**SUPPLIED DATA**
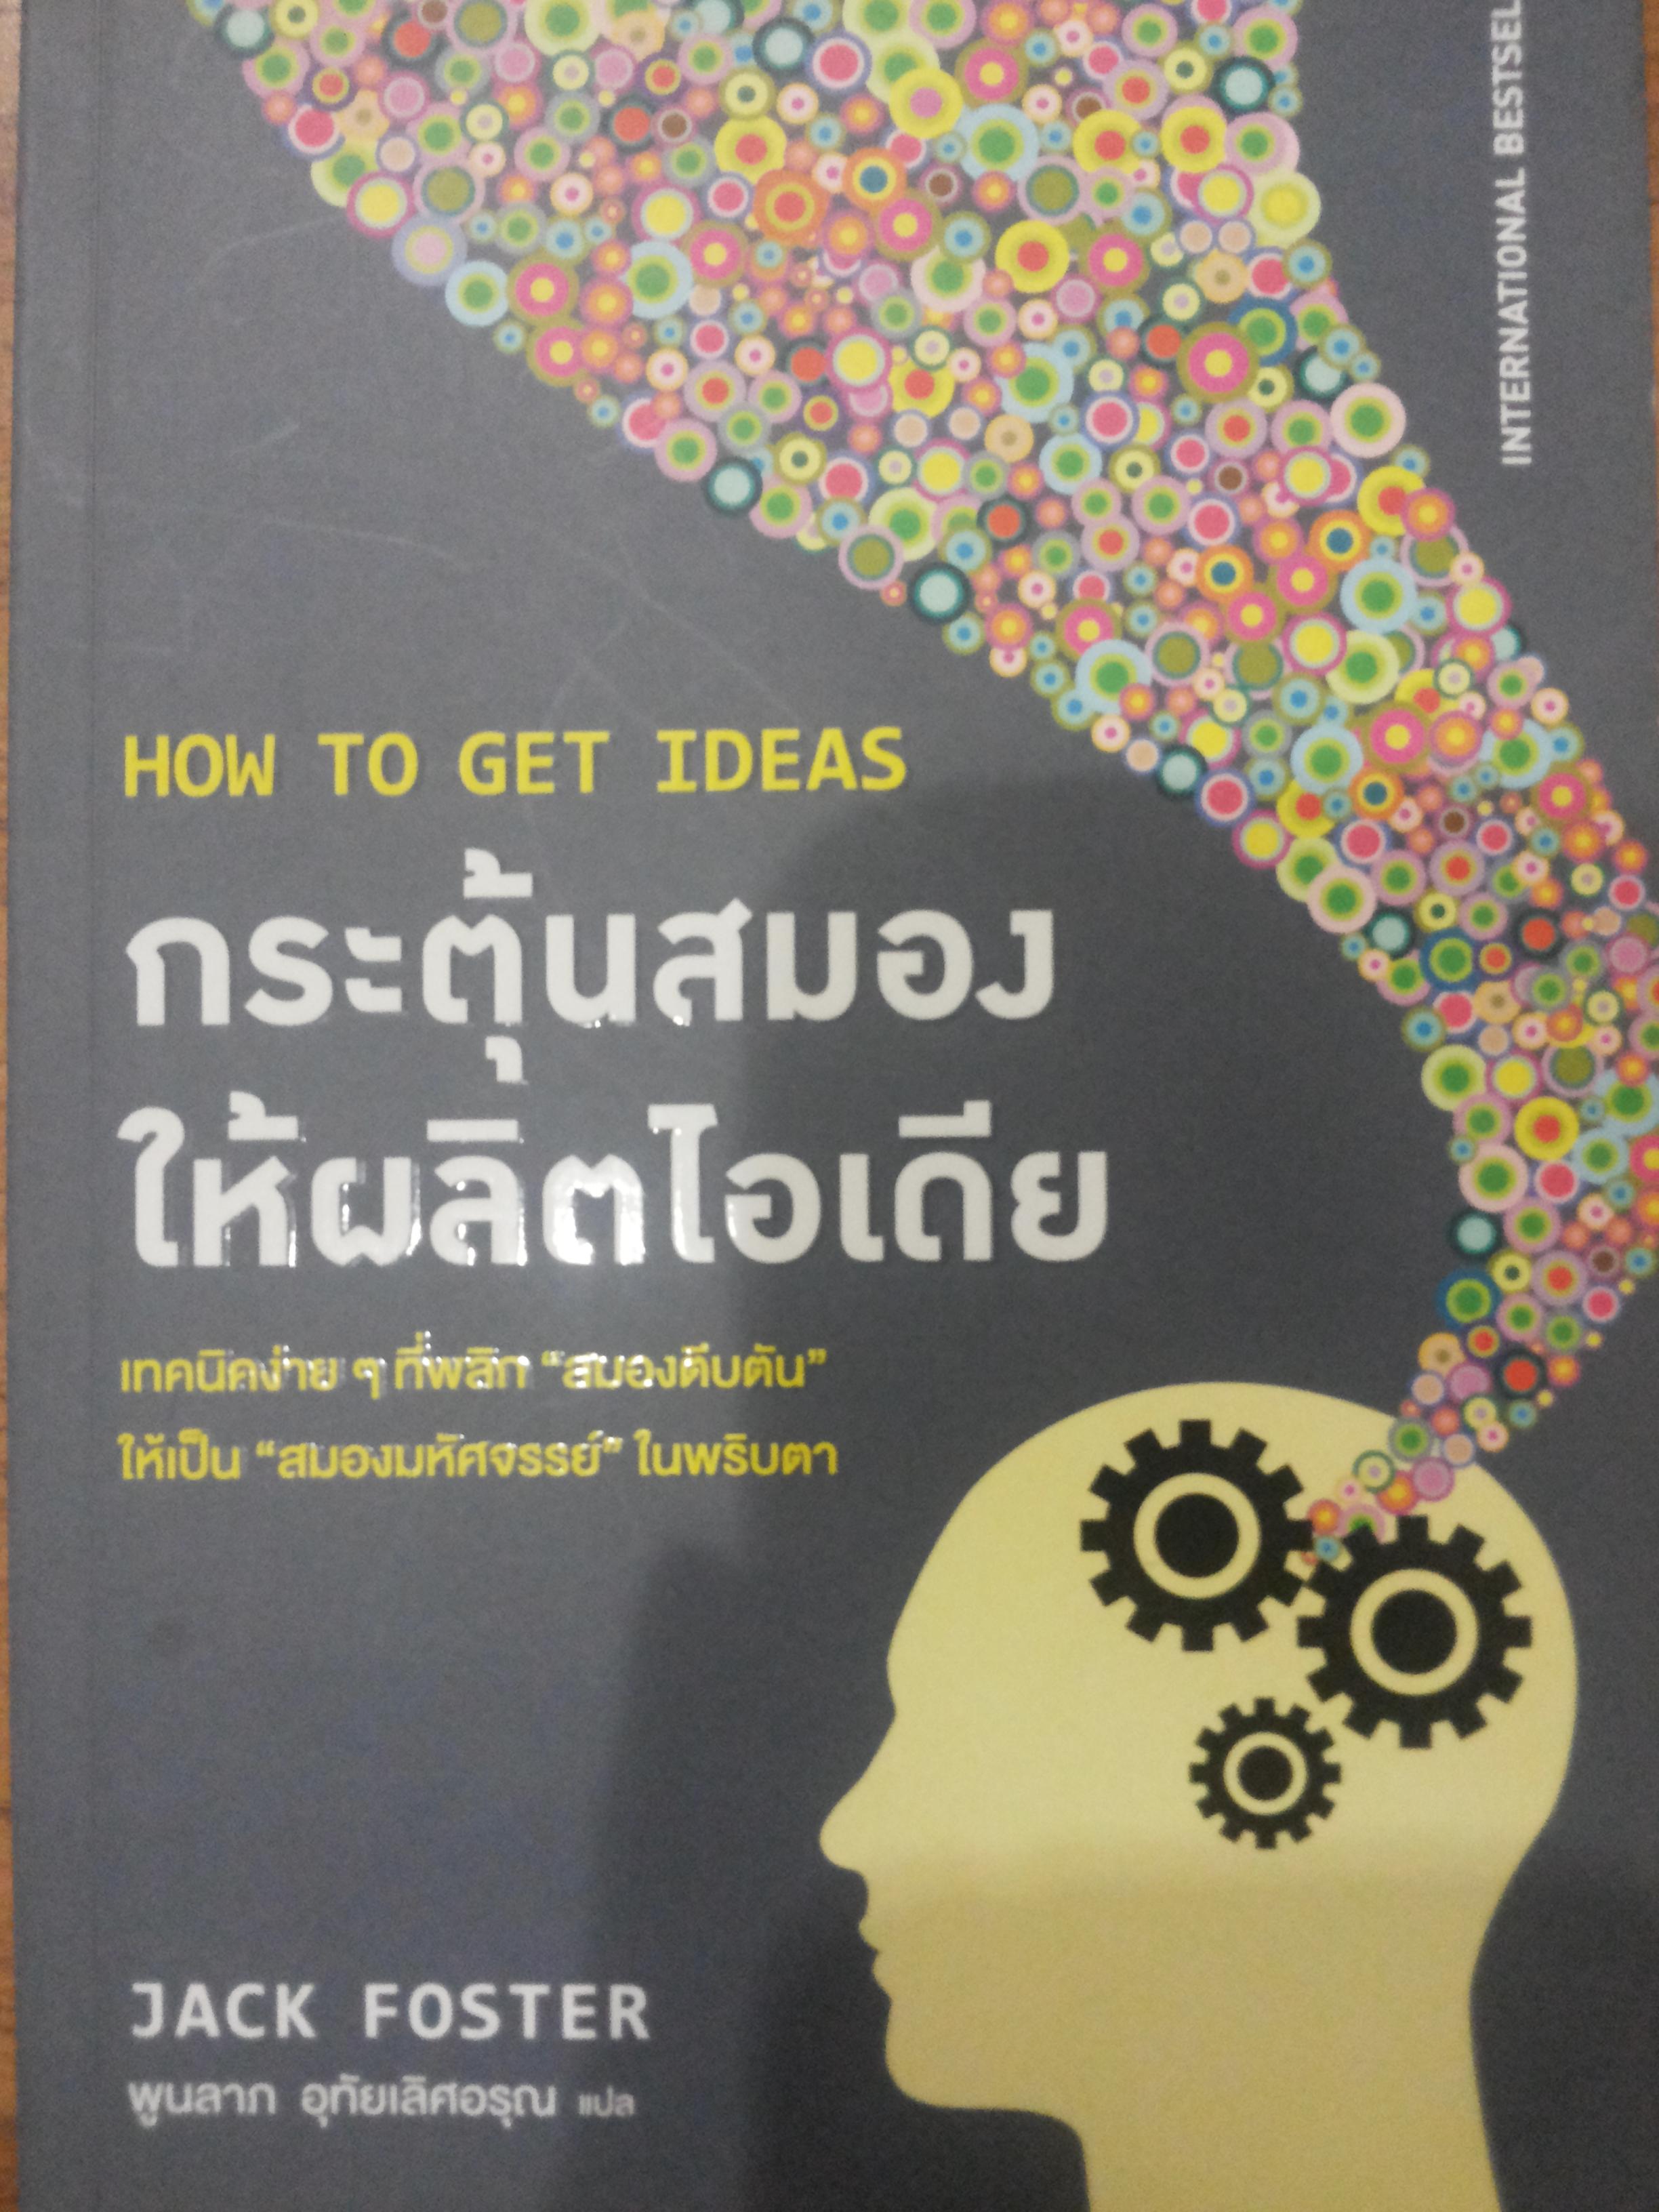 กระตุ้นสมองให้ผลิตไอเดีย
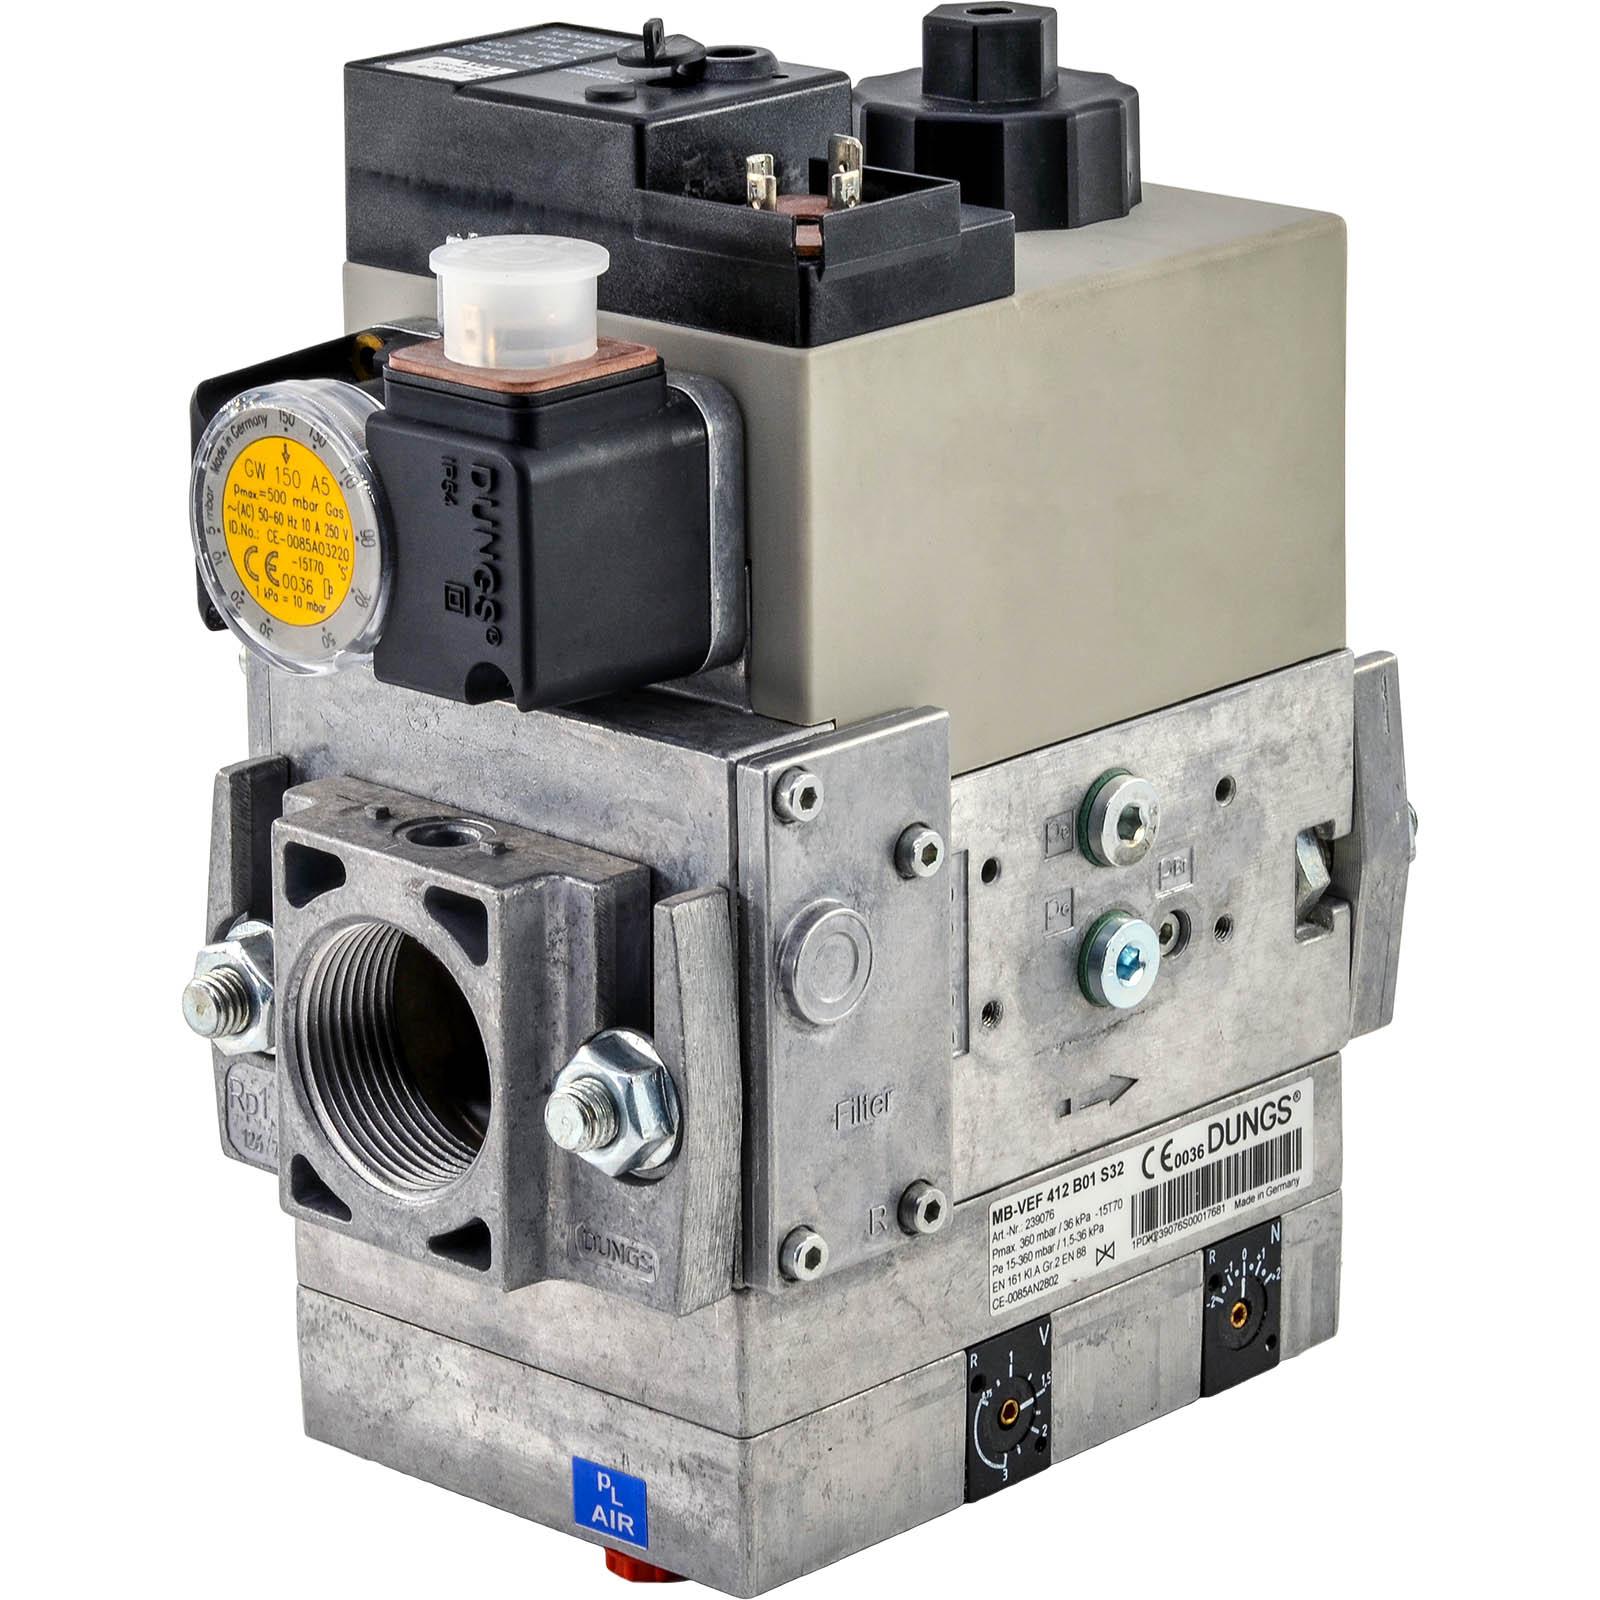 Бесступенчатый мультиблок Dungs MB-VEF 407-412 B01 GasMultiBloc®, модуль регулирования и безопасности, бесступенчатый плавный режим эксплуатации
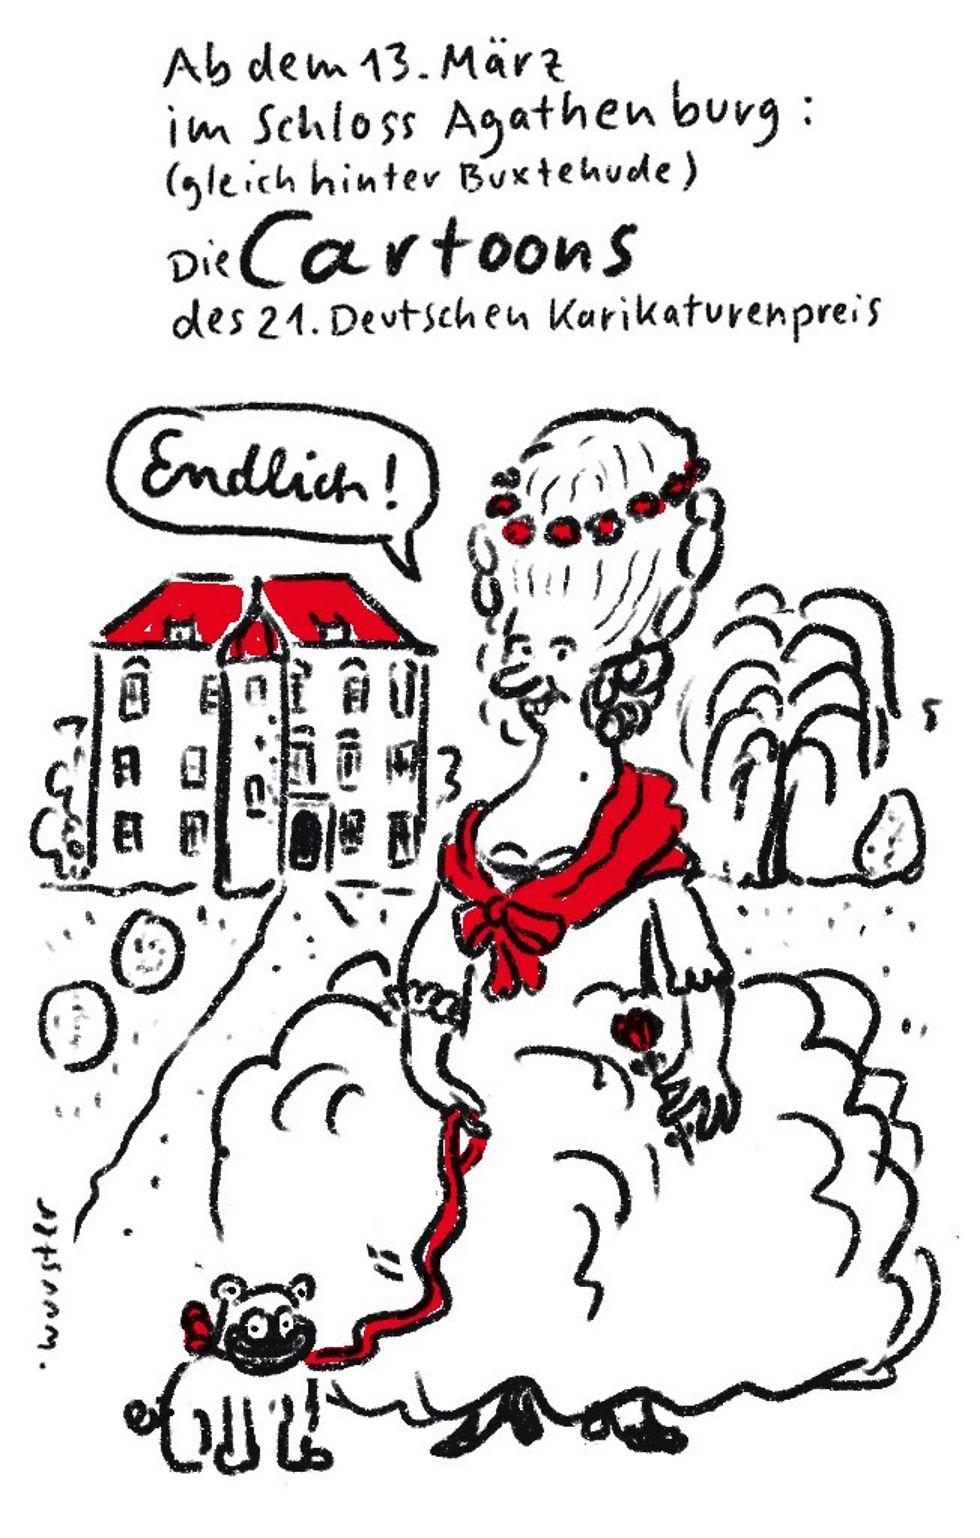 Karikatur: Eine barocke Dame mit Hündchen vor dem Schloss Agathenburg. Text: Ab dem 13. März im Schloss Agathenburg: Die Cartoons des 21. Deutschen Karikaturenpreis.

**ABOUT THIS TASK**
Without including any picture, reproduce all of the material exactly.

**RESPONSE BOX**
 กระตุ้นสมองให้ผลิตไอเดีย
 Бесступенчатый мультиблок Dungs MB-VEF 407-412 B01 GasMultiBloc®, модуль регулирования и безопасности, бесступенчатый плавный режим эксплуатации
 Karikatur: Eine barocke Dame mit Hündchen vor dem Schloss Agathenburg. Text: Ab dem 13. März im Schloss Agathenburg: Die Cartoons des 21. Deutschen Karikaturenpreis.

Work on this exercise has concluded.